One’s mind is, indeed, a grand photograph album. How precious to one it will be when one is old and may sit all day in a house by the sea and, so to say, turn the leaves. That is why one should be going about all the while in one’s vigour with an alert and an open mind.
Wives are picturesque characters, too. I mind me of my friend Billy Henderson’s new wife. Billy Henderson’s wife looks like a balloon. She’s so fat that she has busted down the arches of her feet. In order to “fight flesh” she walks a great deal. She walks a mile every day, and then takes a car back home. Her father comes over from Philadelphia once every week to see her, because she is so homesick. For months after she was married she just cried all the time, she was so homesick. She never goes to the movies. The movies make her cry. One time she saw at the movies a hospital scene. It horrified her for days. A friend of hers is about to be married. But she has told her friend that she cannot go to the wedding. Weddings always make her cry so. She just can’t read the war news; it is too terrible; it affects her so that she can’t sleep a bit. She hasn’t read any of it at all, and, she says, she has no idea who is winning the war. She takes some kind of capsules to reduce flesh, which cost six dollars for fifty. She has taken twenty-five. The extension of the draft age being spoken of, she said to Billy:
“Dearie, I’ll put you under the bed where they won’t get you.” She doesn’t want to vote, and she can’t understand why any one should want to go to poles and vote and all that kind of thing.

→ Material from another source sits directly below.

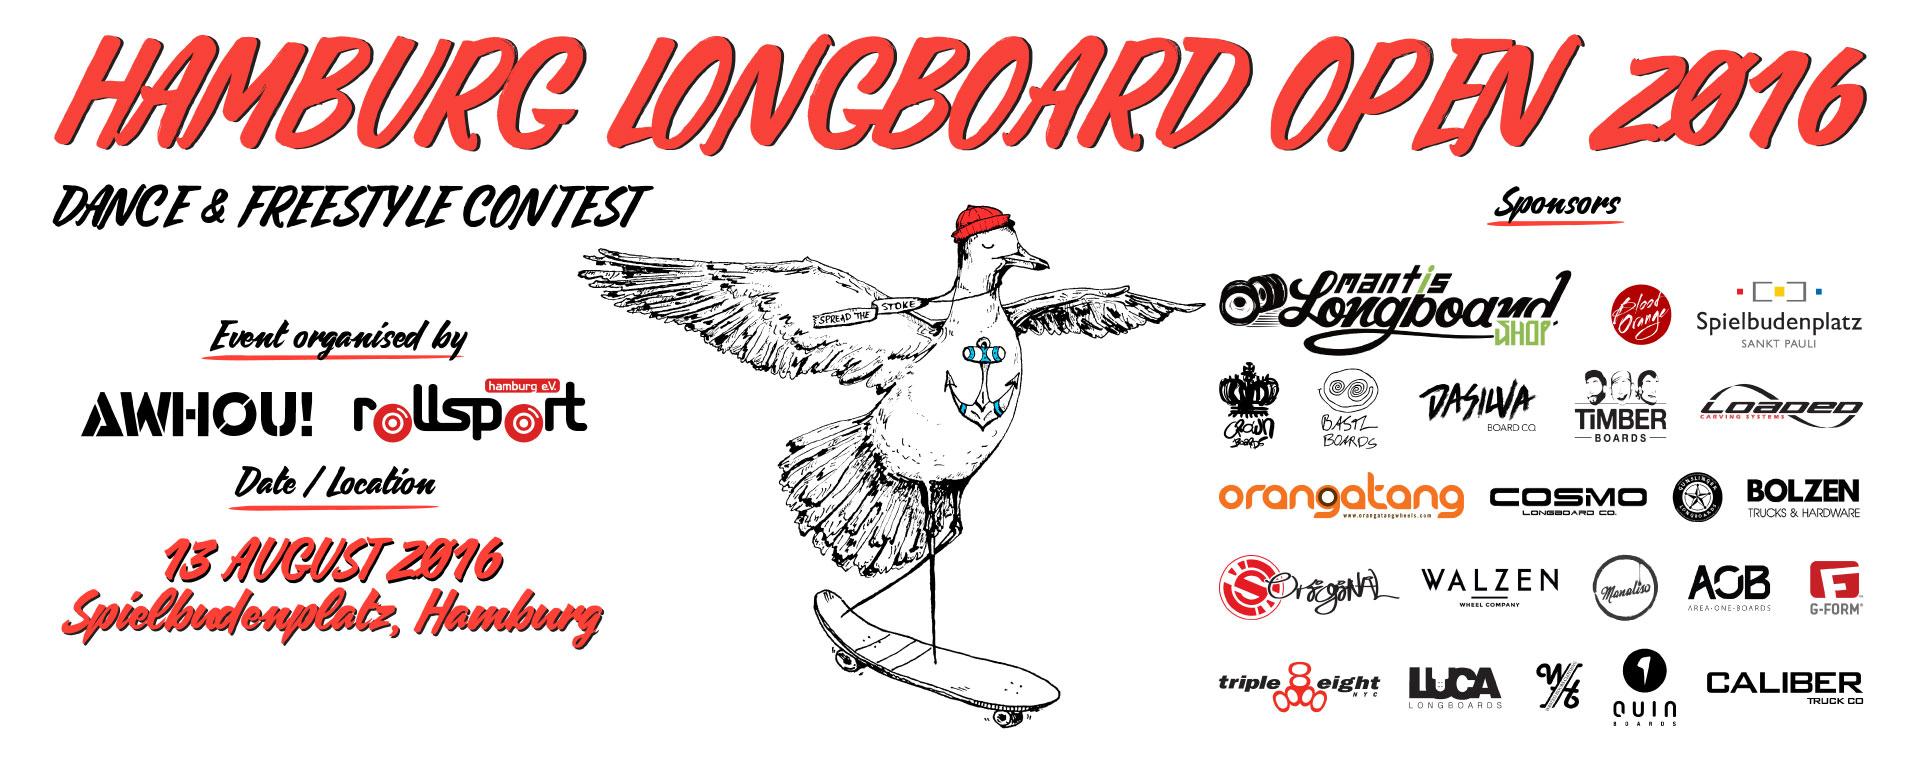 Hamburg Longboard Open 2016

Billy Henderson’s wife is handsome; she is rich; she is an excellent cook; she loves Billy Henderson.
HUMOURS OP THE BOOK SHOP
The panorama before his view is the human mind. He panders to its divers follies, consults its varied wisdom. He stands umbrellaless in the rain of all its idiosyncrasies. Why has he not lifted up his voice? He, the book clerk, that lives among countless volumes of confessions! Whose daily task is to wrestle hour by hour with a living Comedie Humaine! Has the constant spectacle of so many books been astringent in its effect upon any latent creative impulse? Or has he been dumb in the colloquial sense, forsooth; a figure like Mr. Whistler’s guard in the British Museum? Sundry “lettered booksellers” of England have, indeed, given us some reminiscences of bookselling and its humours. But they were the old boys. They belonged to an old order and reflected another day. “As physicians are called ’The Faculty’ and counsellors-at-law ‘The Profession,’” writes Boswell, “the booksellers of London are called ‘The Trade.’” Let us look into this Trade as it is to-day, we said. So for a space we played we were a book clerk.